Drug possession is the most arrested offense in the U.S., with more than 1.1 million arrests in 2020. Criminalization perpetuates racial injustice by design. Because of targeted policing, Black people make up 24% of drug arrests, almost double their demographic percentage, and are three times more likely to be arrested for drugs than white people, despite using and selling drugs at the same rates. 

In 2021, more than 100,000 people died of an accidental drug overdose in the US, a staggering 28.5% increase from the historically deadly numbers in 2020 and the highest ever on record. The drug war has led to a poison drug supply, prevents the adoption of proven lifesaving overdose prevention interventions, and diverts financial resources away from health-based solutions in favor of investments in law enforcement and failed prohibitionist tactics. 

And the drug war has been a fiscal disaster.
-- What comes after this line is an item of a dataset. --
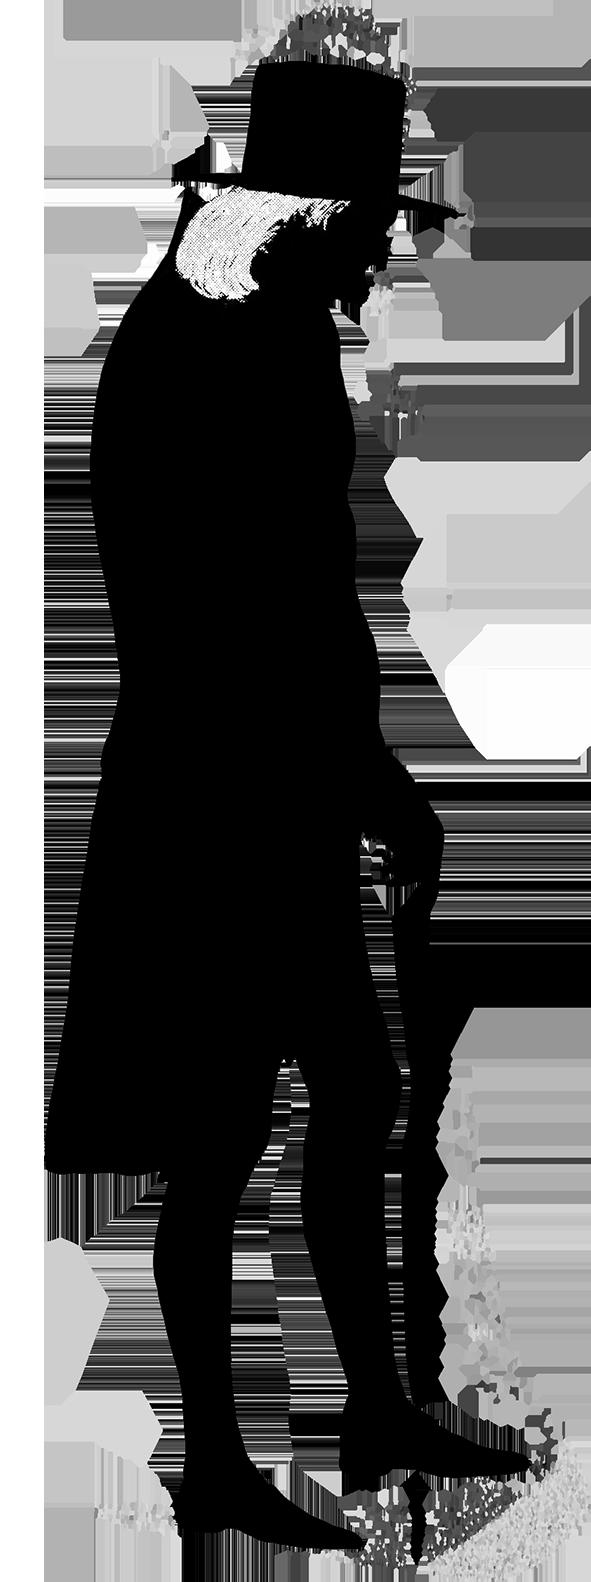 591x1582 Clipart Silhouette Elderly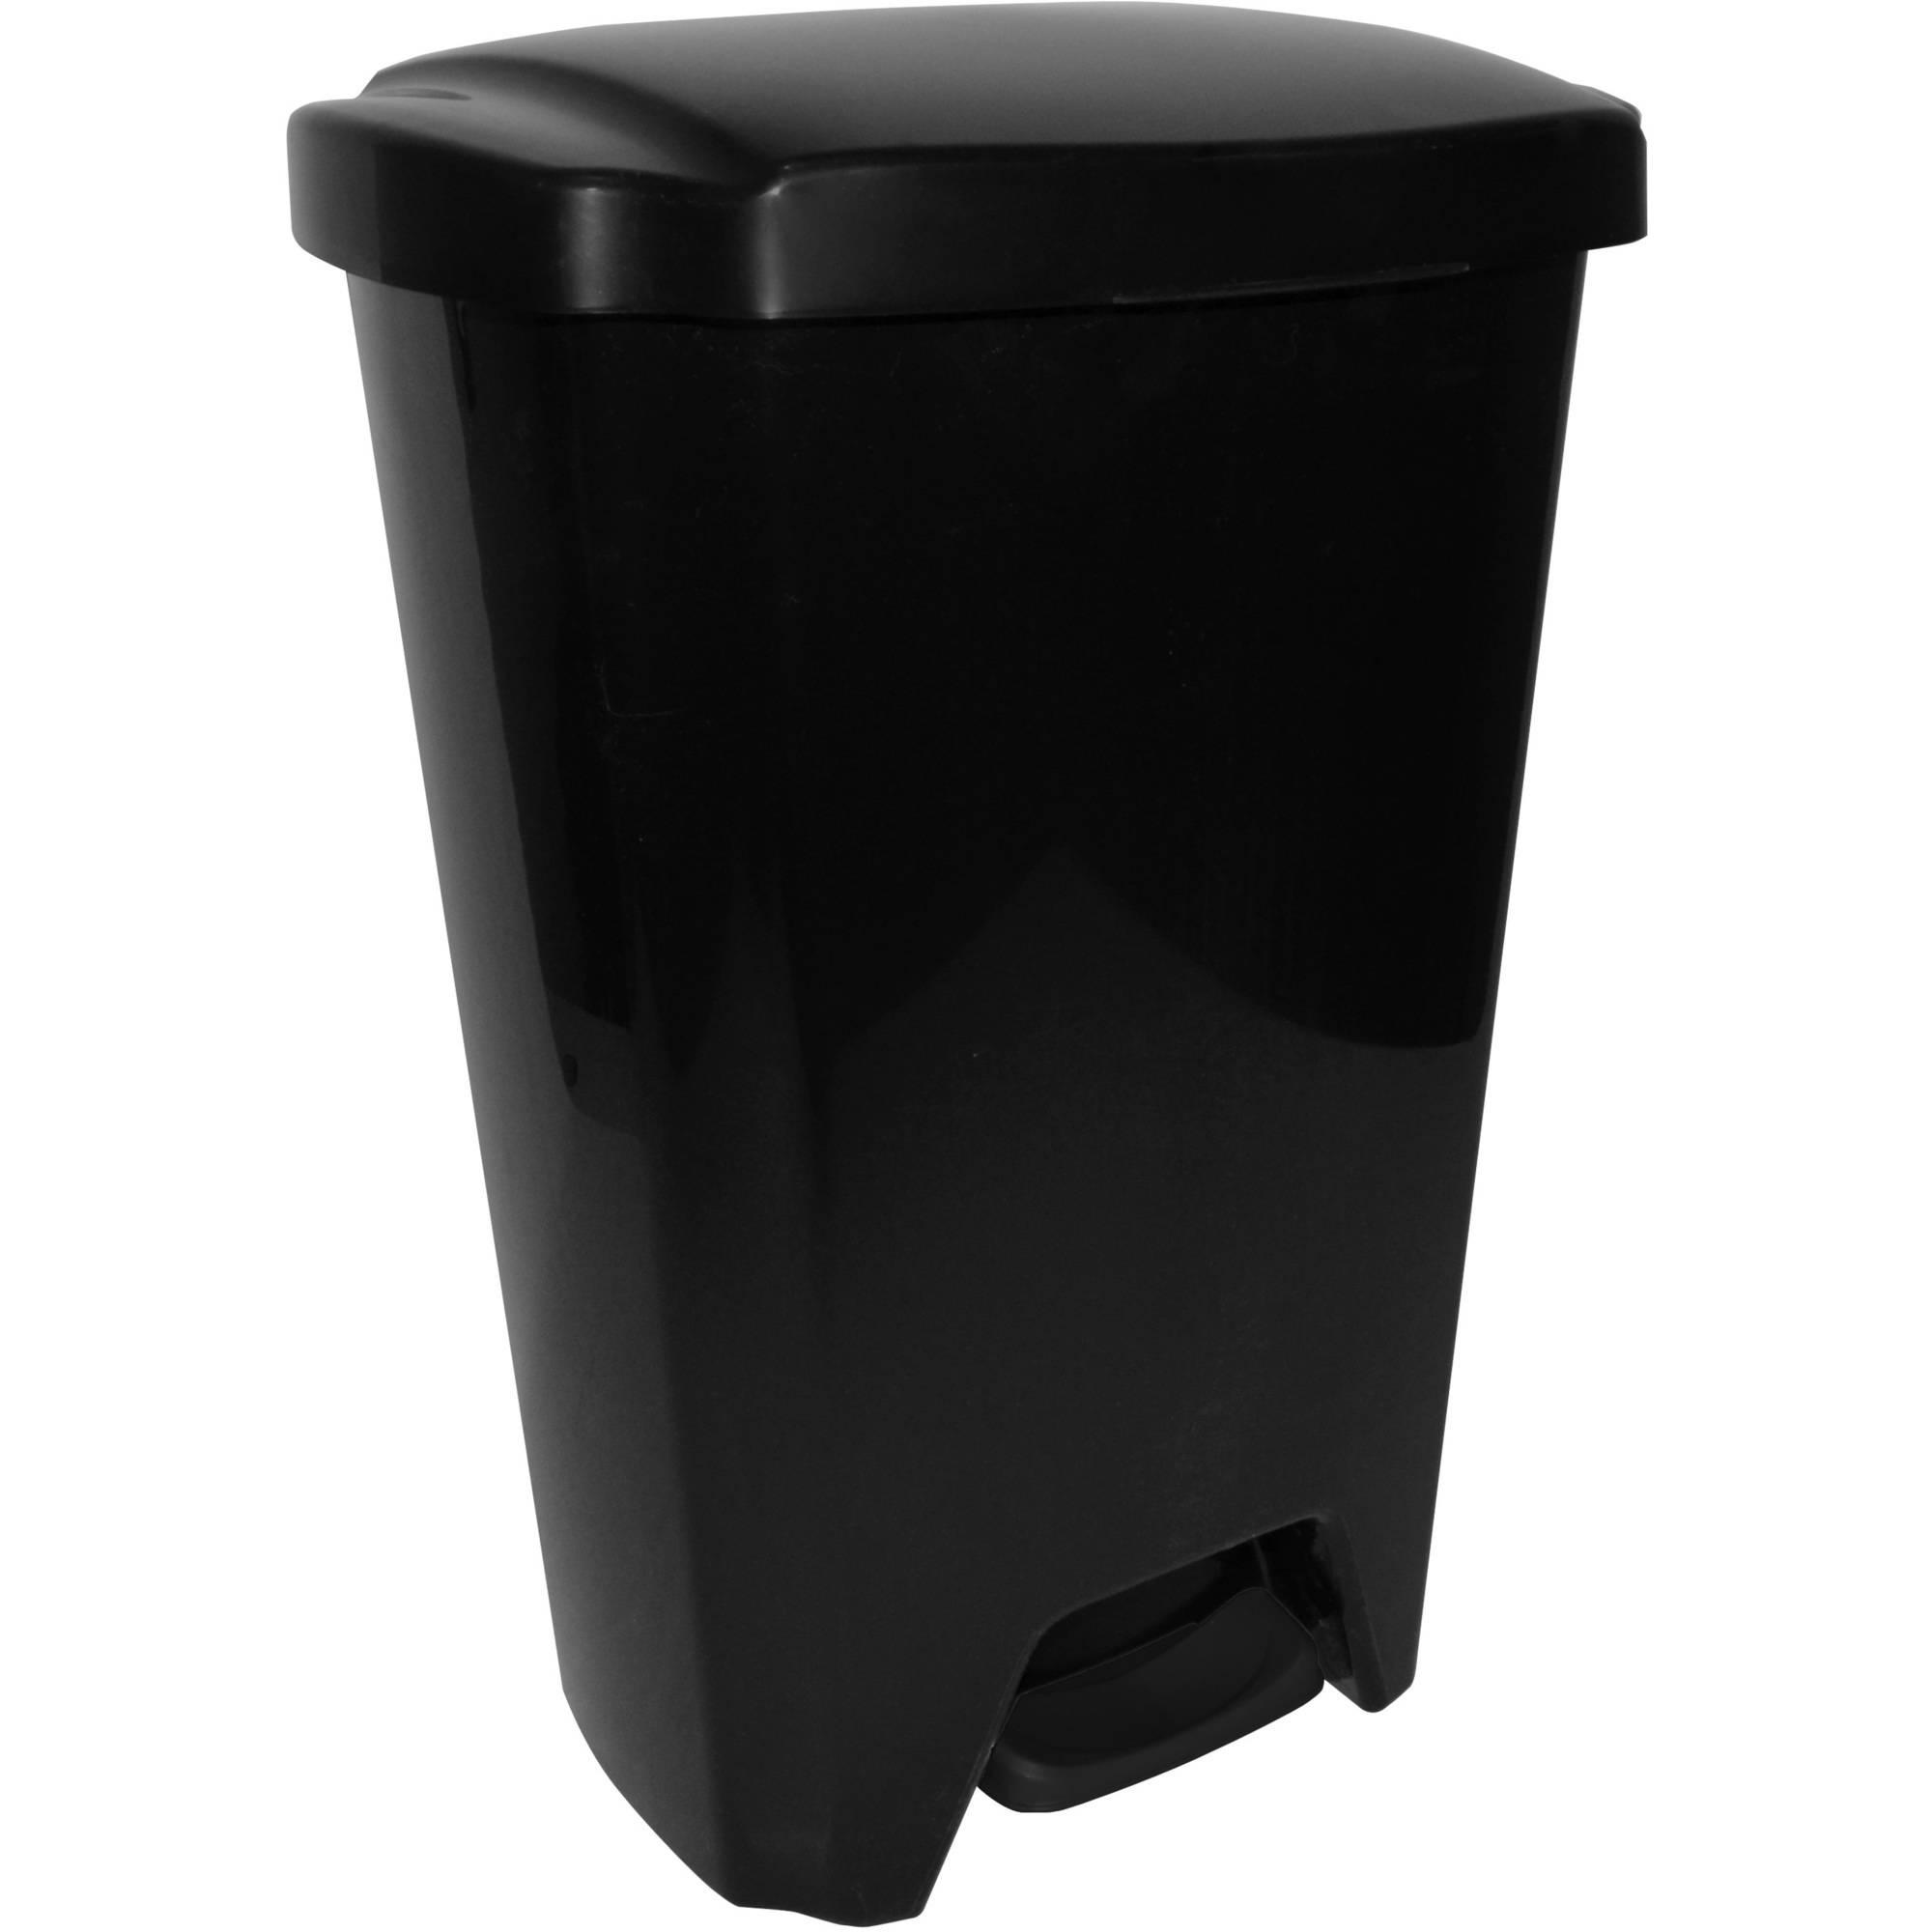 Hefty 13-Gallon Step-On Trash Can, Black

Each year, state, local, and federal governments spend an estimated $47 billion enforcing drug prohibition laws – money that would have been better spent on supporting communities and addressing the root causes of problematic drug use with robust health, harm reduction, and drug treatment services.

The Way Forward.

As the Drug Policy Alliance moves forward in the next phase of our work, we are prioritizing:

  • decriminalizing drugs and building health-based alternatives; 
  • uprooting the drug war from civil systems (e.g. employment, housing, immigration); 
  • disempowering police in drug enforcement and response;
  • reducing punishments for people in the drug trade;
  • reinvesting drug war resources into the communities most harmed, and 
  • eliminating the poison drug supply through responsible legal regulation of all drugs.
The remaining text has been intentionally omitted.